** SOURCE DATA follows **

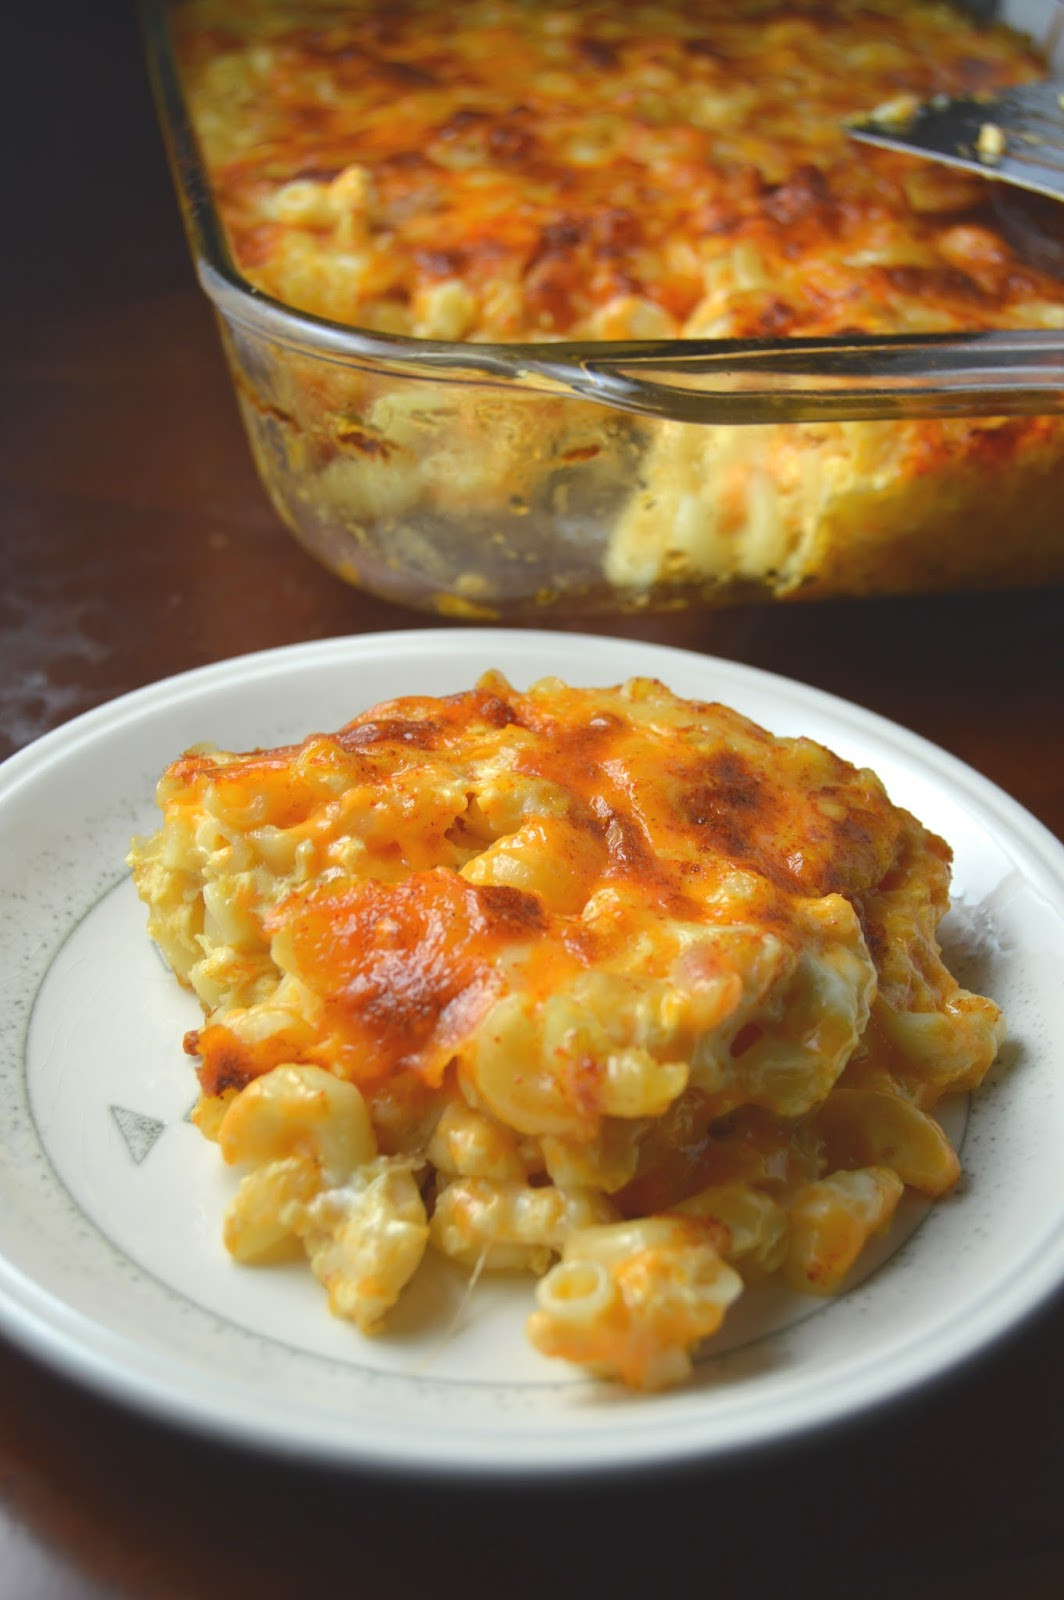 Best Baked Macaroni And Cheese Recipes
 Baked Macaroni and Cheese
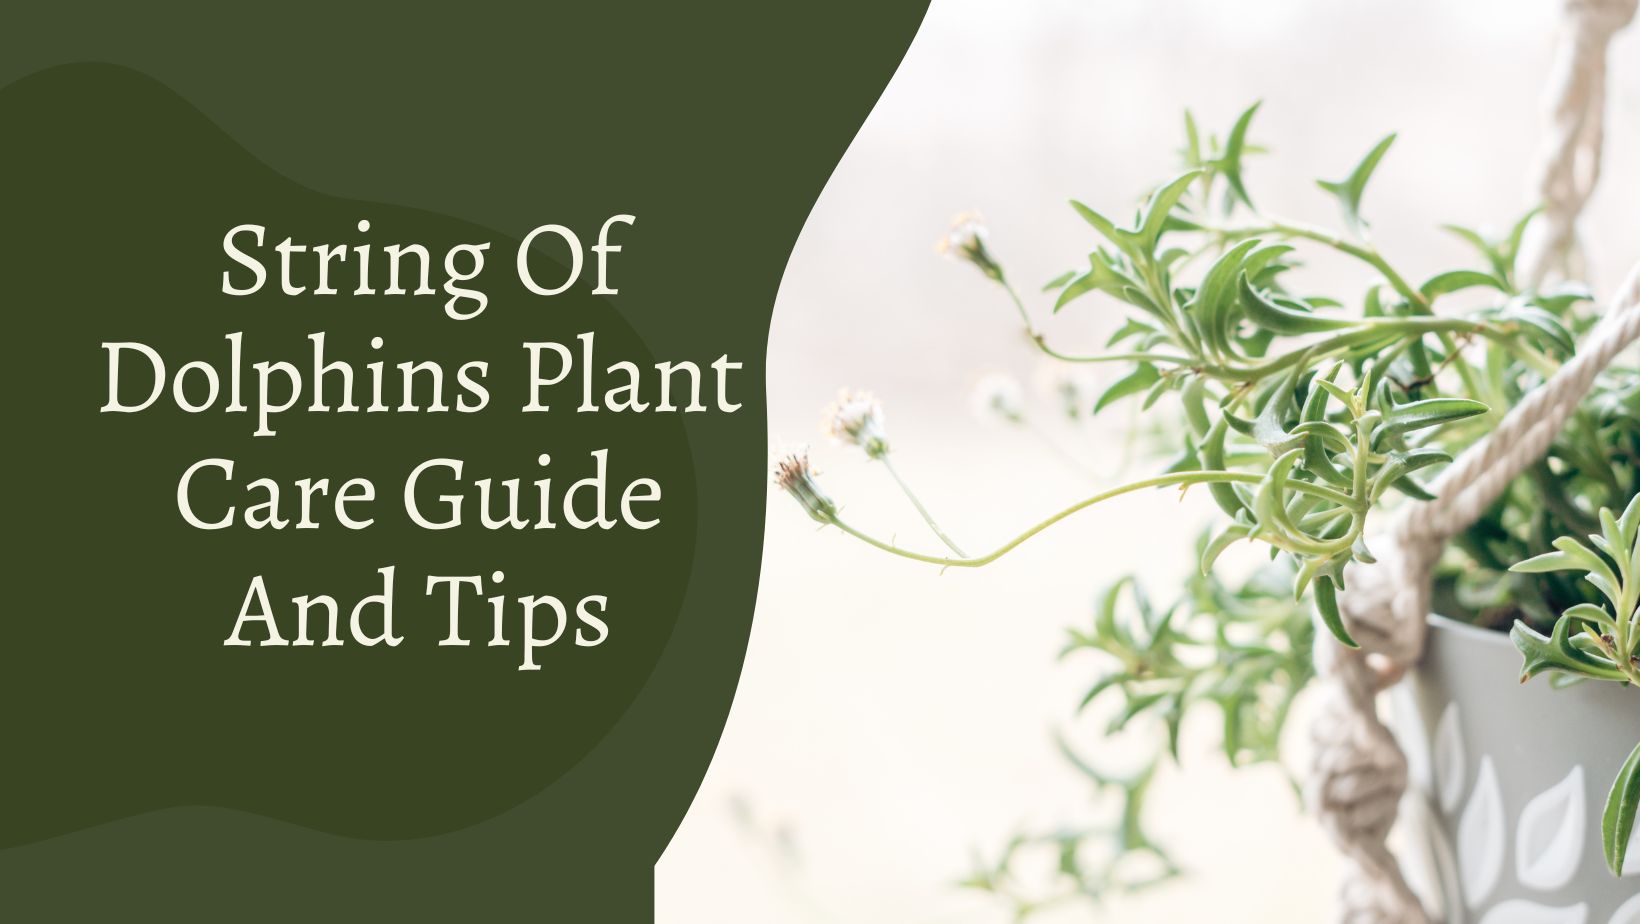 String Of Dolphins Plant Guide

** End of SOURCE DATA **

Give all the lines above again, character for character, without pictures.

▸ SOLUTION TO THIS EXERCISE
 Best Baked Macaroni And Cheese Recipes
 Baked Macaroni and Cheese
 String Of Dolphins Plant Guide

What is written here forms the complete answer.